Another sail was sailing from the Outer banks. We set sail in a small craft advisory late in the day to sail across Pamlico sound to Vandemere NC. It was dark in a few hours and the wind slowed enough to knock out the double reefs in the sails. We had been surfing down waves on a broad reach that were much bigger than my little boat. Now we were doing about 6 knots and the moon was lighting things up. There is just something special about sailing at night with the moon up and making good way. Nothing but the sound of the boat making its way through the water. The occasional sound of a line or block making contact with the mast or deck. This is also the first time I relied on my chart plotter to find our berth. So wished I had strapped the video camera down somewhere for that trip. But the video probably would have been a let down after experiencing the real thing. I would trade a week of work just to go back to that sailing trip for an hour.
84 Islander 28

DavidCrosby

I have been sailing on Carlyle Lake, IL for nearly 40 years. The vast majority of that has been racing. As a racer, we would pretty much sail straight out into the lake, race around the bouys, head in for lunch go back out to do it once more and then call it a day.

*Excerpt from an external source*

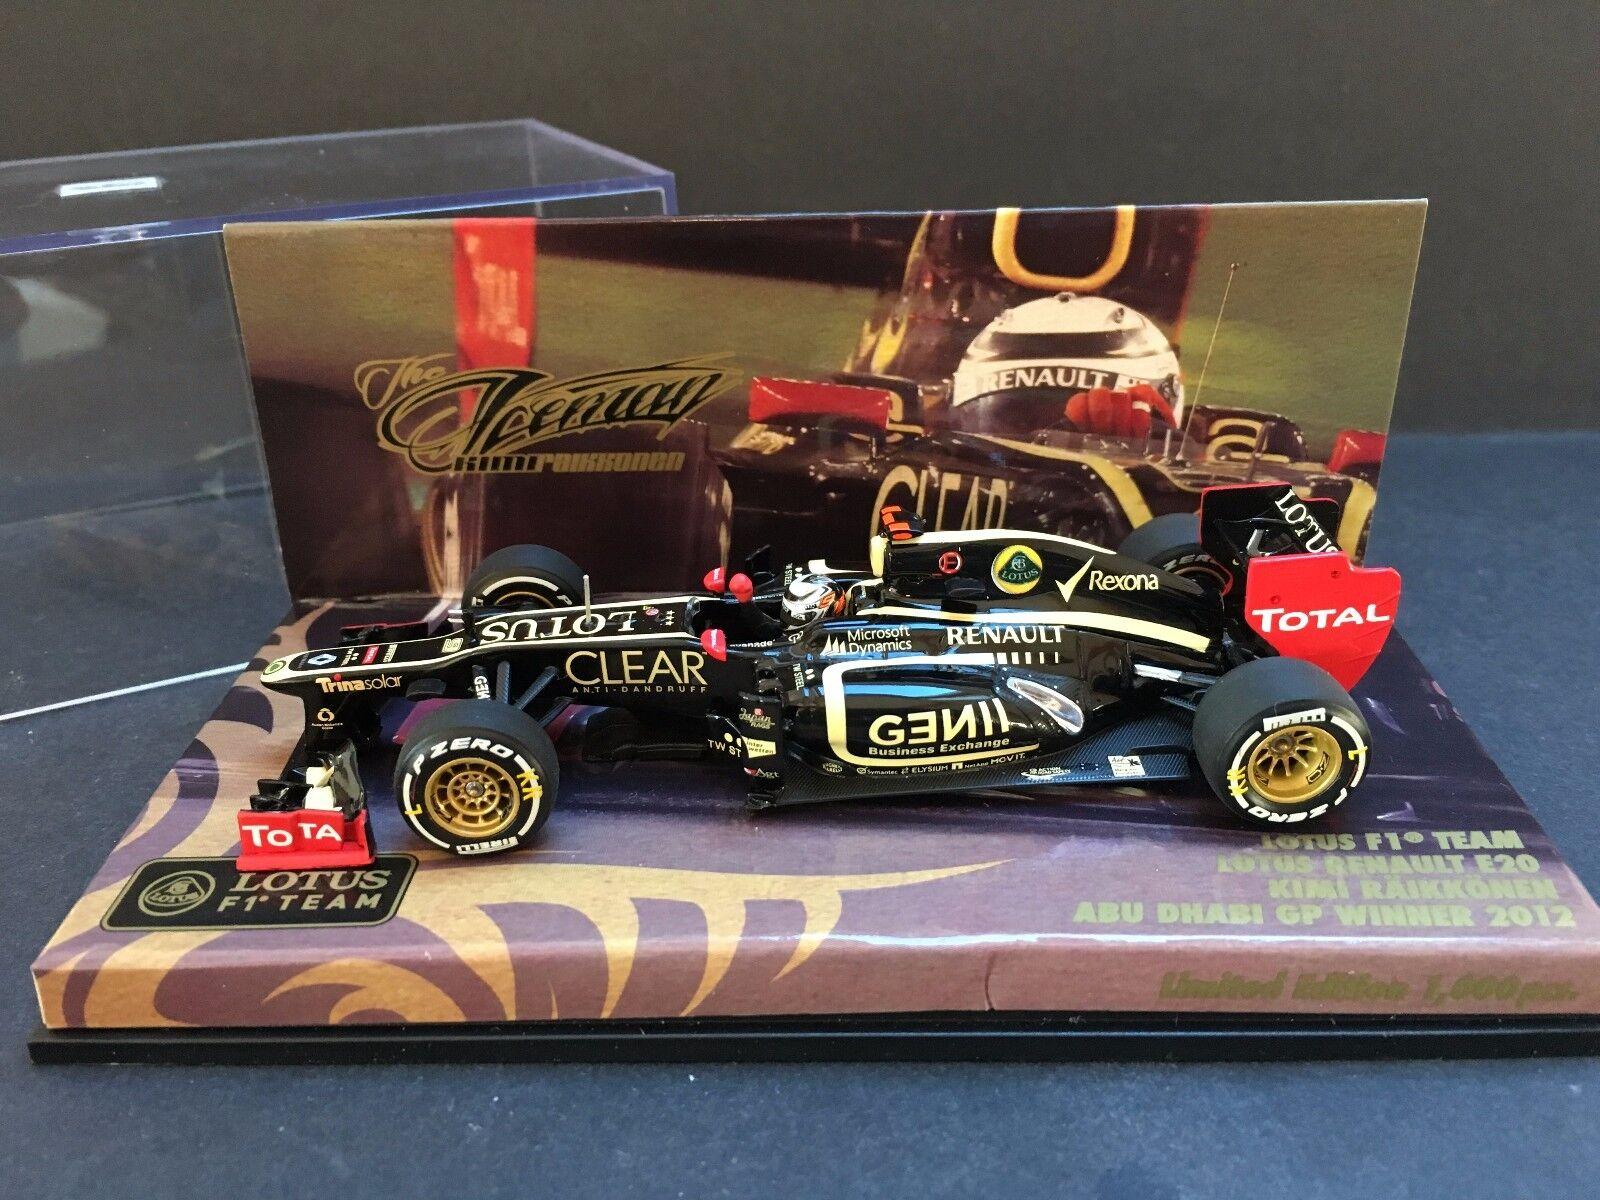 Minichamps - Kimi Raikkonen - Lotus - E20 - 2012 - Abu Dhabi GP Winner - 1:43

A few years ago on a cool fall day, my wife, another couple and I headed out into the lake for a sail. We ended up running downwind along the shore line. At each and every cove, we sailed into the cove as far as we dared go. We sailed the full length of the lake no more than a couple hundred feet off the shore. At the far north end of the lake there is a small island. On that little island was a large flock of white pelicans. We headed for the pelicans and carefully watched the depth sounder. As we approached the pelicans they started to prepare for flight. It was so cool to watch them. One by one they started to get into a twitter. They were carefully watching us and doing a bit of a dance, ready to leap. And then we bumped the bottom and immediately tacked away.

Ever since that day, I have really made it a point to fully explore our lake.